In recent years, the prevalence of gastrointestinal tumors has increased, yet their prognosis remains largely unchanged. Tumor heterogeneity has been identified as a principal factor in this stagnation. Extensive research has addressed the heterogeneity of gastrointestinal tumors, encompassing esophageal, colorectal, hepatobiliary, and pancreatic cancers, and has explored targeted precision therapies (7–10). Our research aims to deepen the understanding of tumor heterogeneity within the realm of gastrointestinal cancer, thereby enhancing the multidimensional comprehension of immunotherapy. Our approach spans several dimensions: developing biomarkers for pre-treatment assessment, identifying populations sensitive to immunotherapy at early stages, devising new combination treatment strategies, and investigating the factors, underlying mechanisms, and potential interventions for immunotherapy-nonresponsive patients. This comprehensive analysis is poised to revolutionize the development of personalized immunotherapeutic strategies by elucidating the impact of tumor heterogeneity on treatment responsiveness ( Figure 1 ).
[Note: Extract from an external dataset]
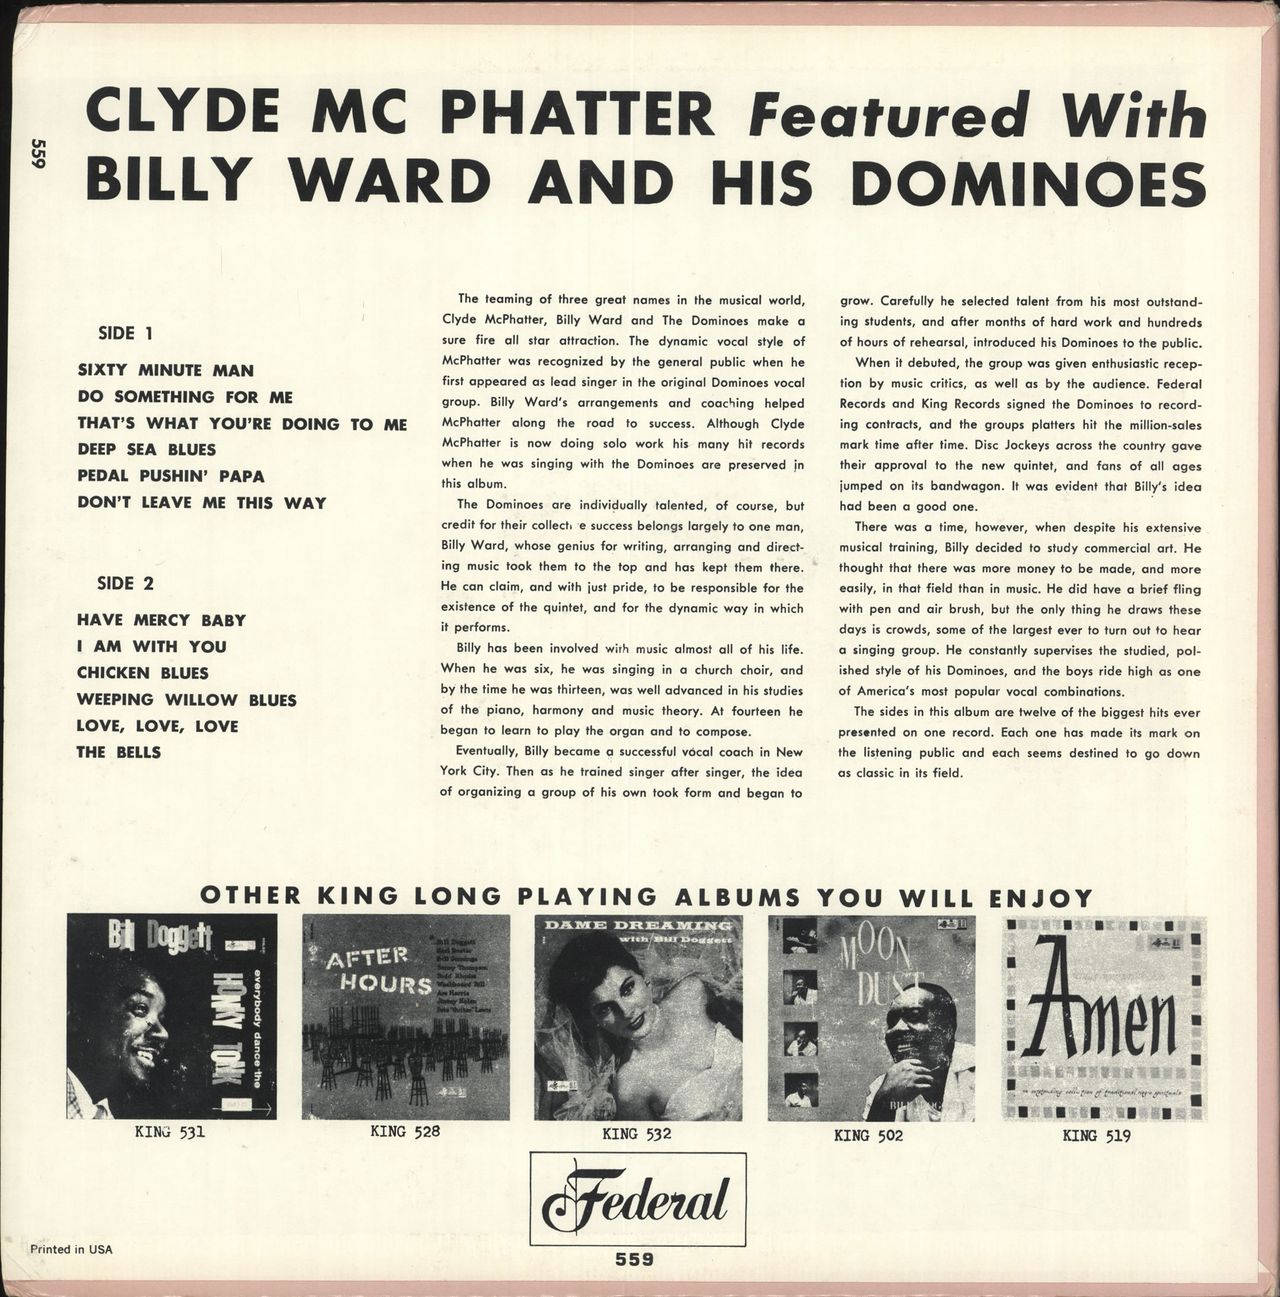 Vintage LP Album Cover of Billy Ward And The Dominoes Wallpaper

This Research Topic compiles contributions from 44 authors across five articles, exploring the crucial role of decoding tumor heterogeneity in tumor immunity and the responsiveness to immunotherapy in gastrointestinal cancers. Qu et al. reported on a rare case of rectal squamous cell carcinoma (RSCC), which represents a small fraction of rectal malignancies. The advent of immunotherapy has opened new avenues for treating malignant tumors; however, its application in RSCC, particularly in cases with high PD-L1 expression, remains unexplored. This article details the treatment journey of an RSCC patient, revealing that single-agent immune checkpoint inhibitors (ICIs) may be less effective than combined strategies incorporating radiotherapy. Similar findings have been observed in advanced esophageal squamous cell carcinoma. Huang et al. evaluated the efficacy of ICIs combined with concurrent chemoradiotherapy (CCRT) versus CCRT alone in a retrospective cohort study involving patients with locally advanced esophageal squamous cell carcinoma. Preliminary data from single-center studies indicate that adding ICIs to CCRT does not enhance survival outcomes compared to CCRT alone. Moreover, gastric cancer exhibits significant heterogeneity, with microbiomics emerging as a pivotal research direction. Munoz-Medel et al. proposed that P. gingivalis and its virulence factors may serve as mechanistic links between oral health and the onset and progression of gastric cancer. They explored the influence of bacterial virulence on the efficacy of inflammatory responses and tumor immune checkpoint inhibitors, offering innovative avenues for therapeutic interventions. Further addressing tumor heterogeneity, Wang et al. utilized Mendelian randomization to elucidate the relationship between immune cell infiltration and gastrointestinal cancers at various sites. This study opens new avenues for devising prevention strategies and identifying novel immunotherapeutic targets. Additionally, Ye et al. discovered a unique proliferating cell type, termed Prol, characterized by an abundance of cell cycle and mitotic genes, using single-cell RNA sequencing and spatial transcriptome technology. In pancreatic ductal adenocarcinoma (PDAC), a higher proportion of Prol cells correlates with reduced overall survival (OS) and progression-free survival (PFS). Conversely, a lower proportion of these cells appears to enhance the efficacy of immunotherapy and gemcitabine.

This topic aggregates five manuscripts that explore the critical intersections of tumor heterogeneity and immunotherapy responsiveness in gastrointestinal cancers. These studies synergistically merge diverse data from various research methodologies, enhancing our understanding of cancer subtype heterogeneity. They successfully identify key immune biomarkers specific to gastrointestinal tumors and underscore the significant potential of leveraging tumor heterogeneity in the immunotherapeutic treatment of these cancers. Collectively, these insights contribute profoundly to the development of precision medicine modalities, paving the way for tailored therapeutic strategies.